At the same time, the importance of detecting illegal activities demands more sophisticated monitoring and surveillance solutions. These solutions must be able to accurately detect all forms of illegal activity in the monitored region. At the same time, they must be scalable to be integrated into different coastal areas, prompting the integration of the Internet of Things (IoT). The IoT paradigm involves connecting physical devices embedded with sensors, actuators, and other components to the internet, enabling them to collect, exchange, and process data in harmony. In the maritime context, the technology offers several advantages, including real-time monitoring, remote control, and data-driven decision-making in numerous locations simultaneously [
4].
Edge Machine Learning (EdgeML), an emerging field at the intersection of edge computing and machine learning, offers promising solutions for object detection (OD) in maritime surveillance tasks [
5]. Leveraging advanced algorithms and deep learning techniques, these models excel in identifying and tracking various objects on the water surface, ranging from ships to smaller vessels and even individual personnel.
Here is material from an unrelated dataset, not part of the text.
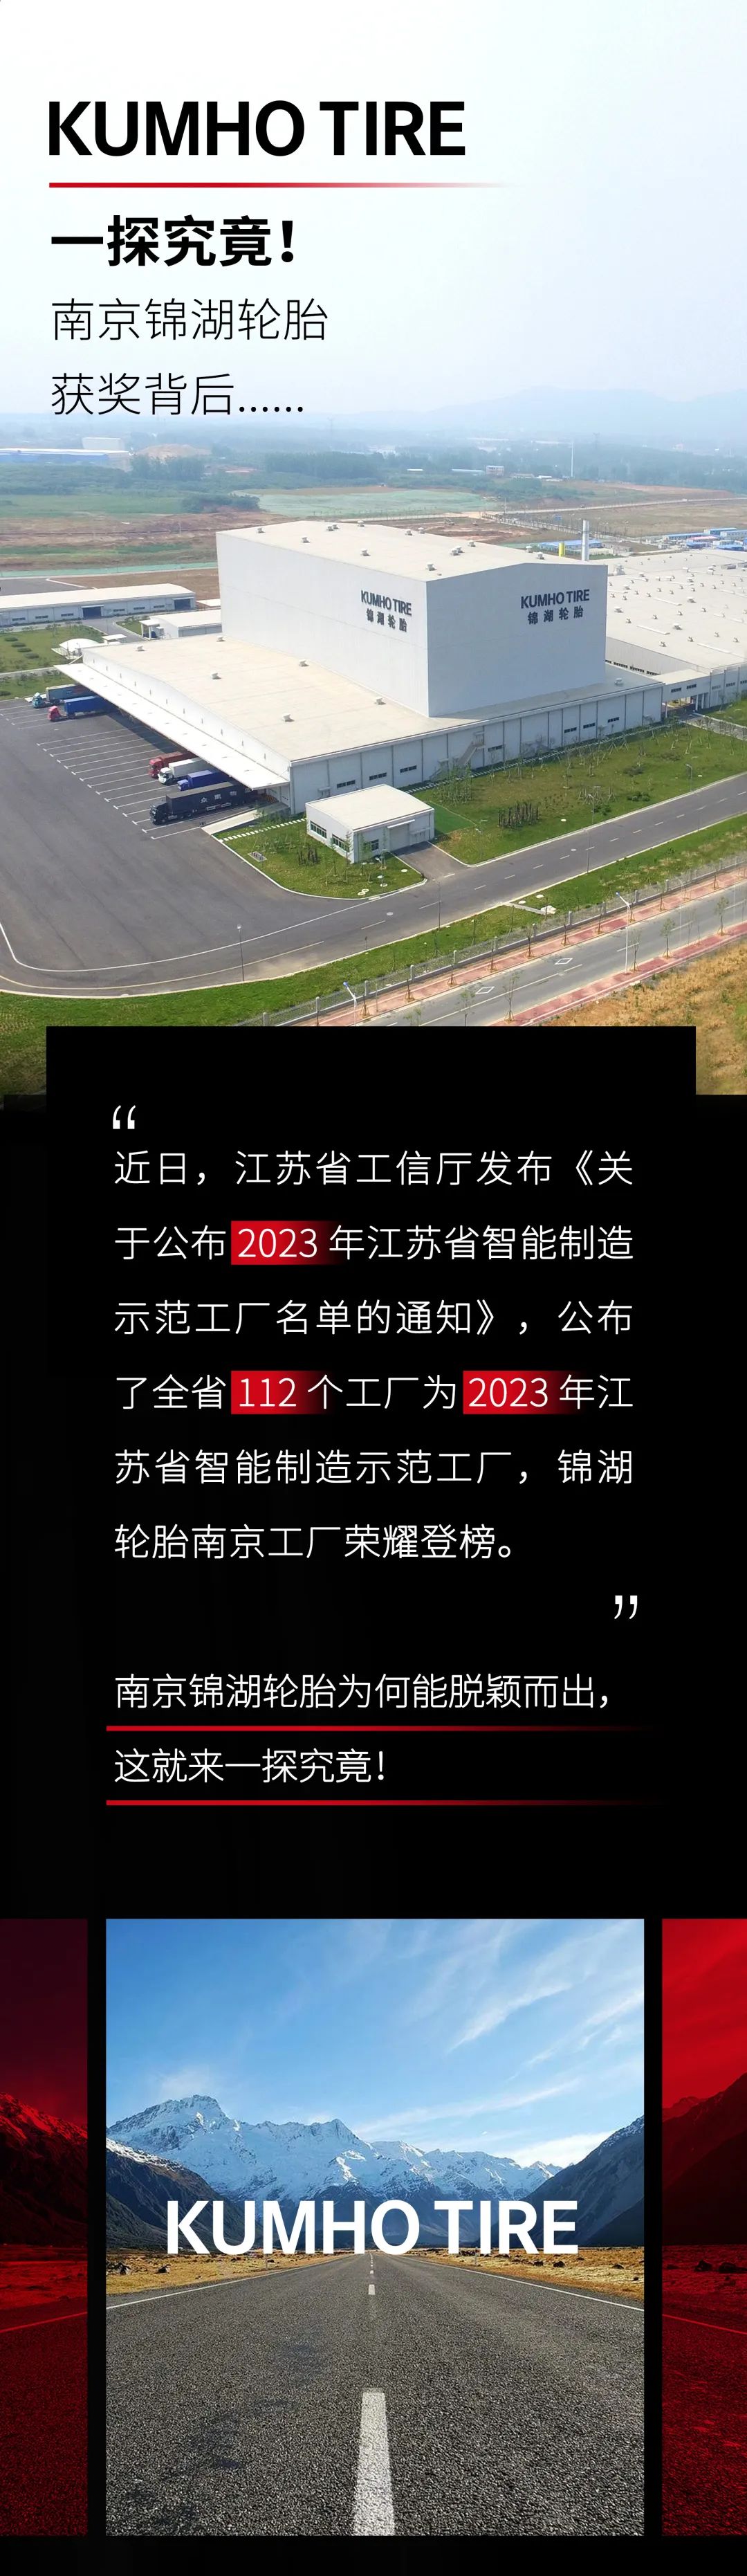 南京锦湖轮胎荣获“2023年江苏省智能制造示范工厂”
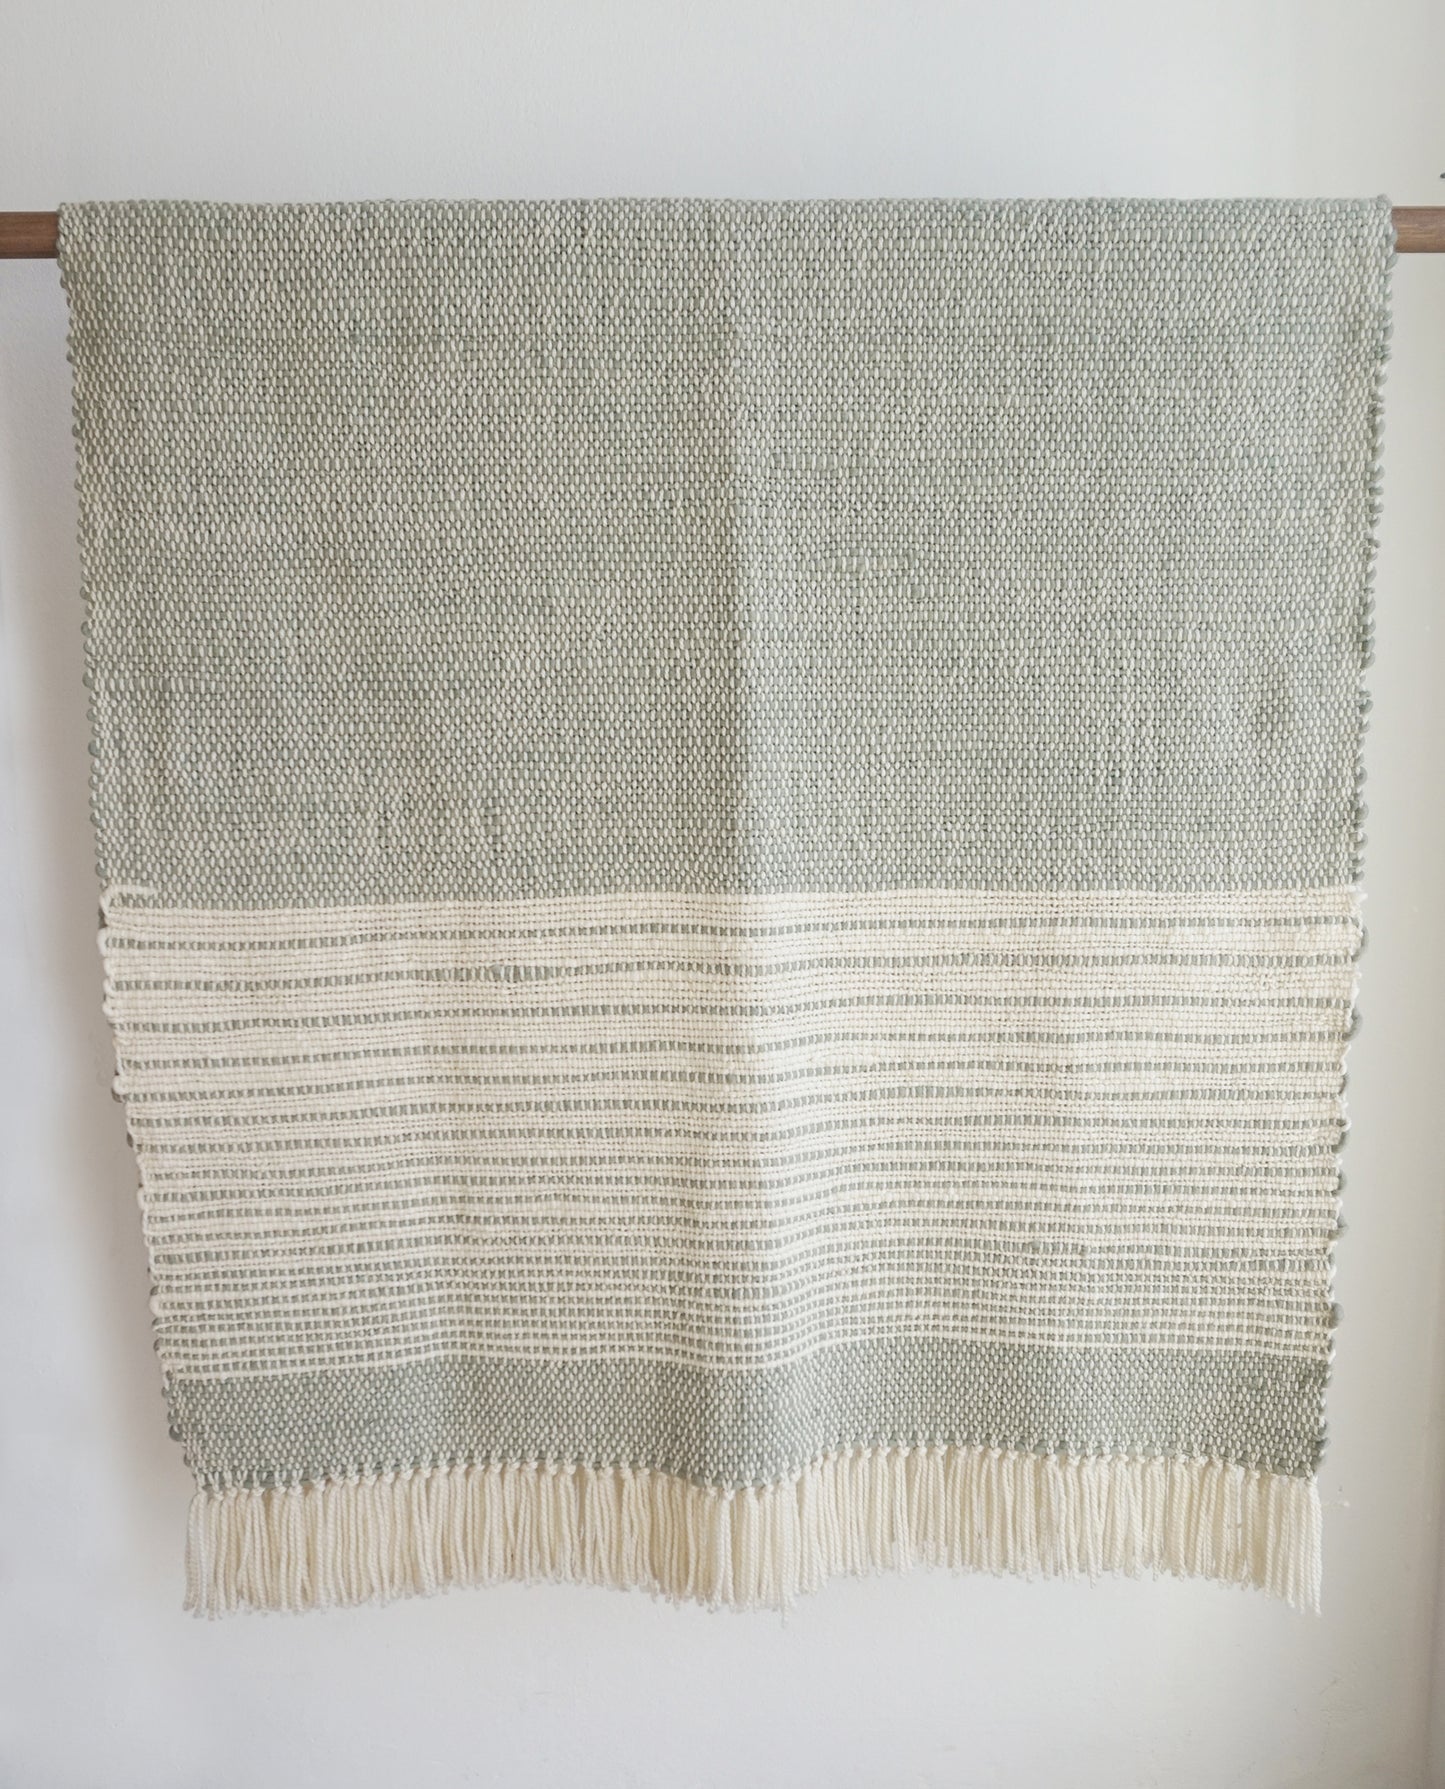 Wool Throw in Yerba Mate Sage Green Cimarron 37x75

Moreover, they can differentiate between lawful operations and illicit actions such as smuggling, piracy, or unauthorized fishing, enabling authorities to respond swiftly and effectively. Integrating object detection models into existing maritime surveillance systems enhances their capabilities manifold, ensuring comprehensive coverage and proactive enforcement of maritime laws and regulations [
6]. However, OD models present high computational complexity, requiring expensive hardware to run efficiently, which hampers their deployment on resource-constrained IoT devices. Fortunately, some techniques, like quantization, can be applied to such models so that they can be used on devices with restricted resources. These techniques reduce the required computational resources while keeping the accuracy of the model at an acceptable level [
7].
Therefore, this study addresses the challenge of object detection on resource-limited IoT devices for maritime surveillance. The study assesses and compares the performance of three OD models: Faster Objects More Objects (FOMO), MobileNetV2 Single Shot Detector Feature Pyramid Network Lite (MobileNetV2 SSD FPN Lite), and You Only Look Once v5 Nano (YOLOv5n) in terms of detection precision, speed, and resource usage. The aim is to identify the most effective model for a possible EdgeML application running on a Raspberry Pi 4 board.
2. Related Works
In [
8], the authors explore the use of optimized versions of YOLOv4 for marine OD and classification on three edge devices. The Nvidia Jetson Xavier AGX, despite being the most expensive, showed the best performance with an inference speed of 90 frames per second (FPS) and a limited degradation of 2.4% in average accuracy. On the other hand, the more economical Kria KV260 AI Vision Kit performed less well but with significantly lower power consumption. The Movidius Myriad X Vision Process Unit (VPU) efficiently balanced performance and energy efficiency.
In [
9], YOLOv4 achieved high mean Average Precision (mAP) (93.55%) and fast detection speed (43 FPS) in detecting ship targets, outperforming other algorithms such as Faster, Region Convolutional Neural Network (R-CNN) SSD, and YOLOv3. The customized dataset, consisting of 4000 images of nine ship categories, was used to train the model. Strategies such as K-means clustering for optimizing prior bins, modifying the model structure, and using Mixup were crucial to improving the algorithm’s performance and increasing prediction accuracy and overall robustness. In conclusion, the YOLOv4 algorithm has shown remarkable results in ship target detection, with high accuracy, real-time performance, and the ability to detect various categories of ships effectively.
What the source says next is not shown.